🤖 AI Summary
This work addresses the vulnerability of existing machine unlearning methods to black-box attackers who reconstruct deleted concepts via adversarial prompts. Current attacks either rely on model weights or produce unnatural, easily detectable prompts. To overcome these limitations, we propose BEAP—a black-box, embedding-aware adversarial prompting attack that requires no access to model weights. BEAP leverages large language models to iteratively optimize prompts in textual space, integrating embedding-space search with a multi-objective reward mechanism that jointly optimizes for the presence of unlearned concepts, image-text alignment, and image quality. The resulting prompts are natural, readable, and capable of bypassing rule-based safety filters.
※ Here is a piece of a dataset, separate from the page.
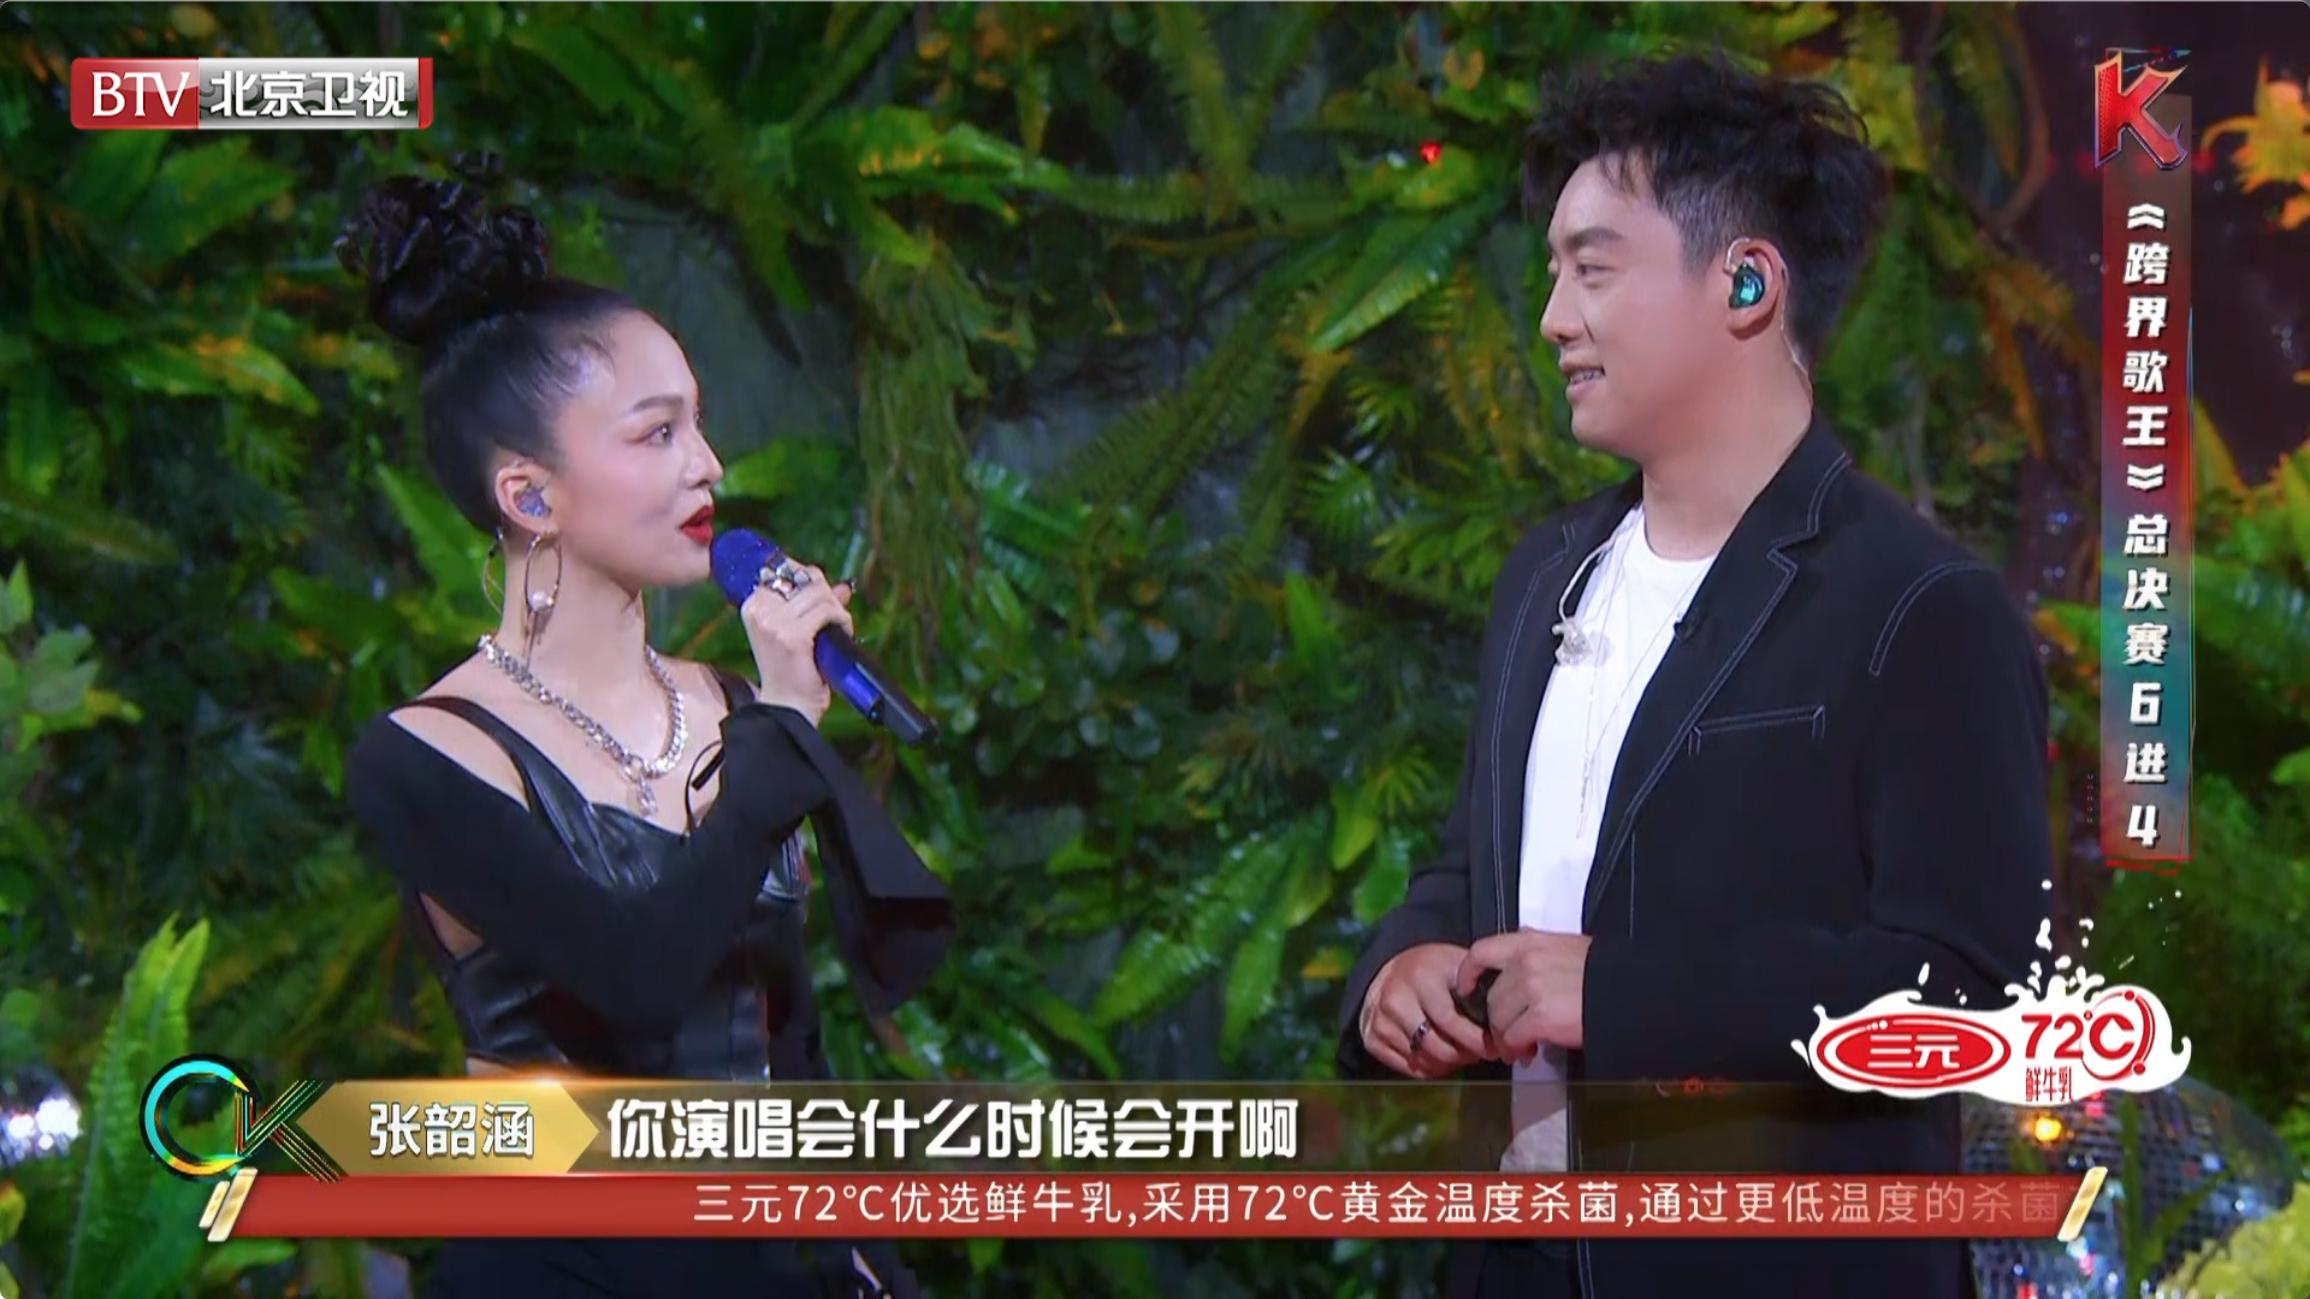 郑恺跨界歌王舞台向张韶涵再次申请想去当她的演唱会嘉宾

Experiments demonstrate that BEAP improves attack success rates by over 60% compared to existing methods and achieves target image generation in an average of only 15 queries, significantly enhancing both stealth and effectiveness.
📝 Abstract
Machine unlearning aims to remove specific concepts from pretrained text-to-image diffusion models, yet several white- and black-box attacks have been introduced to make the model generate such unlearned concepts. These attacks, nevertheless, do not assume a realistic threat model, i.e. they either assume access to the model weights, or result in gibberish adversarial prompts that could be easily detected even through naive rule-based safeguarding. We aim to address this gap in this paper.
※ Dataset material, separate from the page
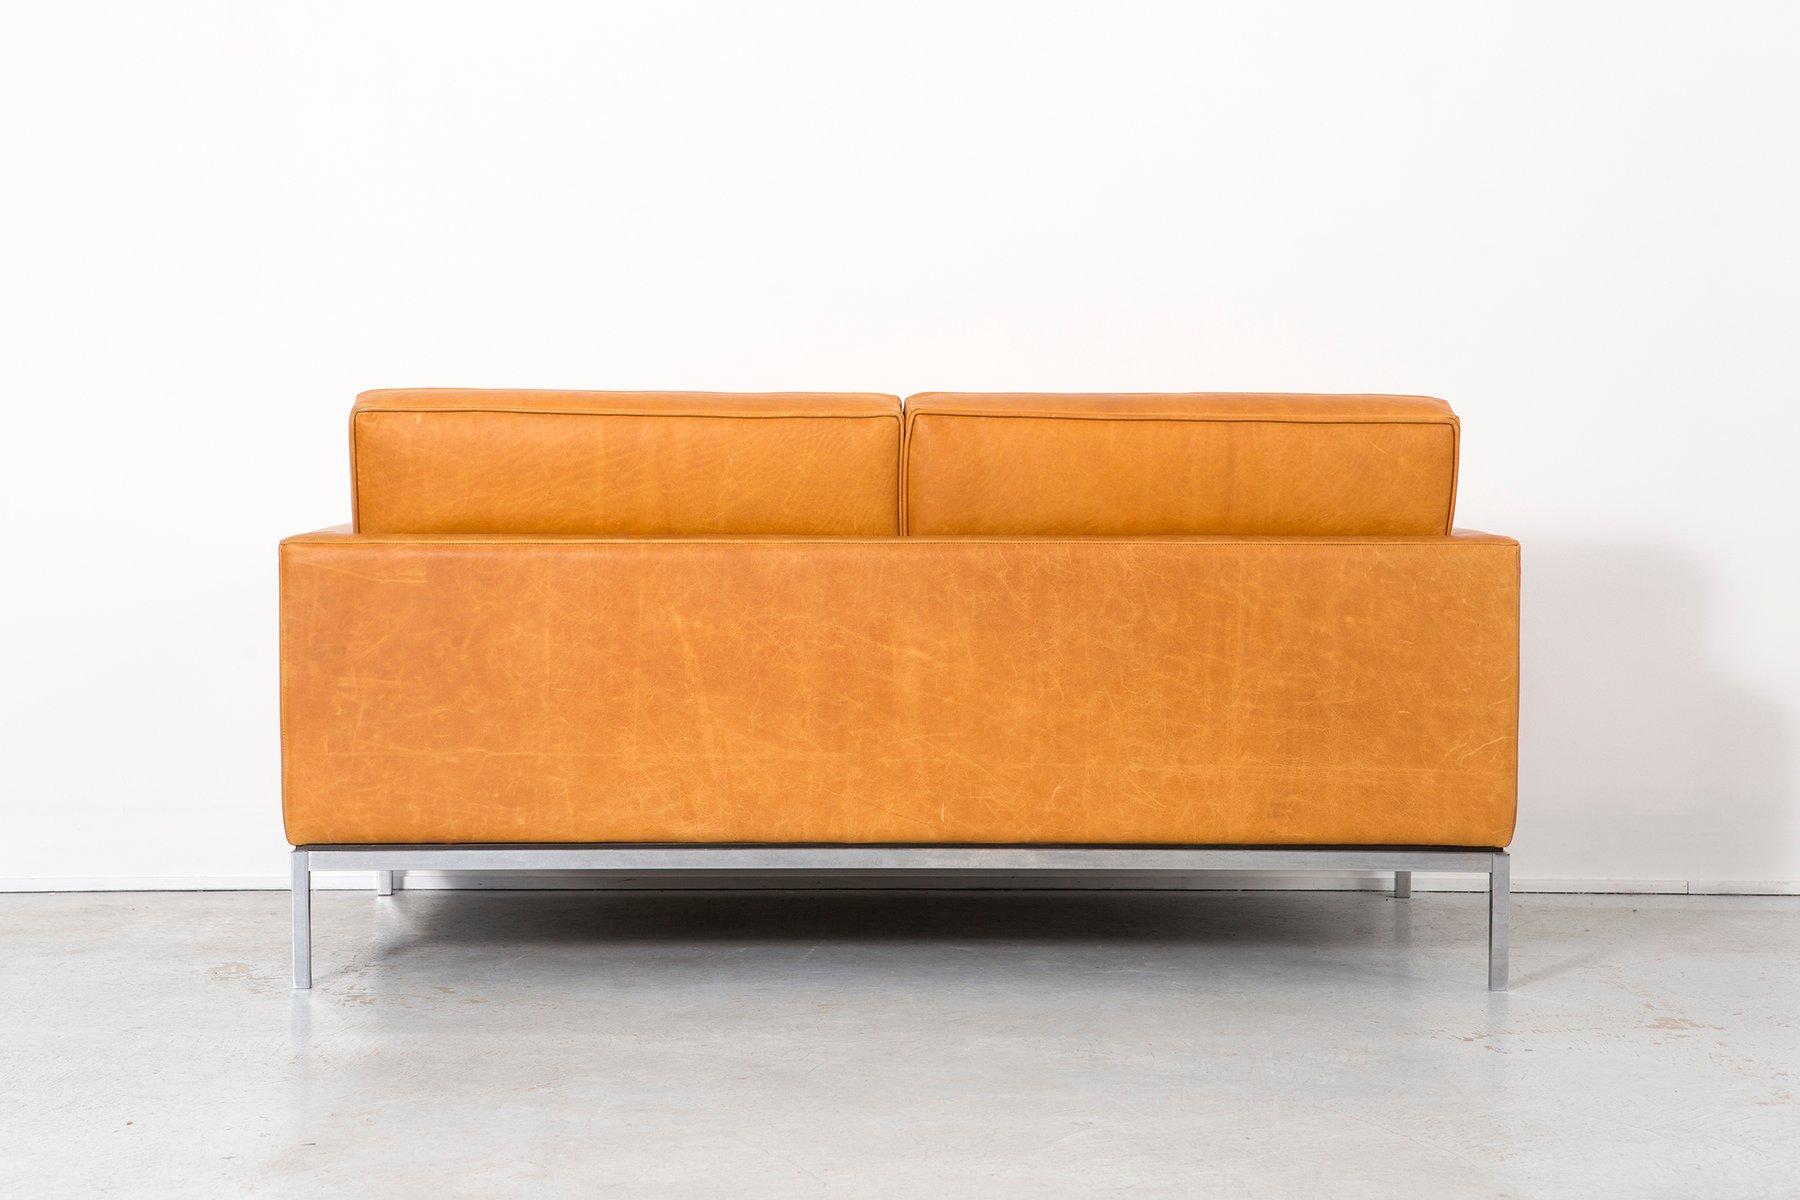 canap en cuir par florence knoll bassett pour knoll 1970s en vente sur pamono. Black Bedroom Furniture Sets. Home Design Ideas

We introduce BEAP, a black-box, embedding-aware adversarial prompting attack that leverages a large language model (LLM) to iteratively generate effective adversarial prompts and exploit such hidden vulnerabilities.
BEAP performs an embedding-aware search in text space, combining multiple reward signals: unlearned concept presence, text-image alignment, and image quality, to refine generated prompts.
Unlike previous attack methods, BEAP keeps its prompts undetectable to safety filters while producing high-quality images.
Extensive experiments show that BEAP improves the Attack Success Rate (ASR) by more than 60% over prior methods, while requiring only an average of fifteen prompts per successful attack. Warning: This paper contains model outputs that may be offensive or upsetting in nature.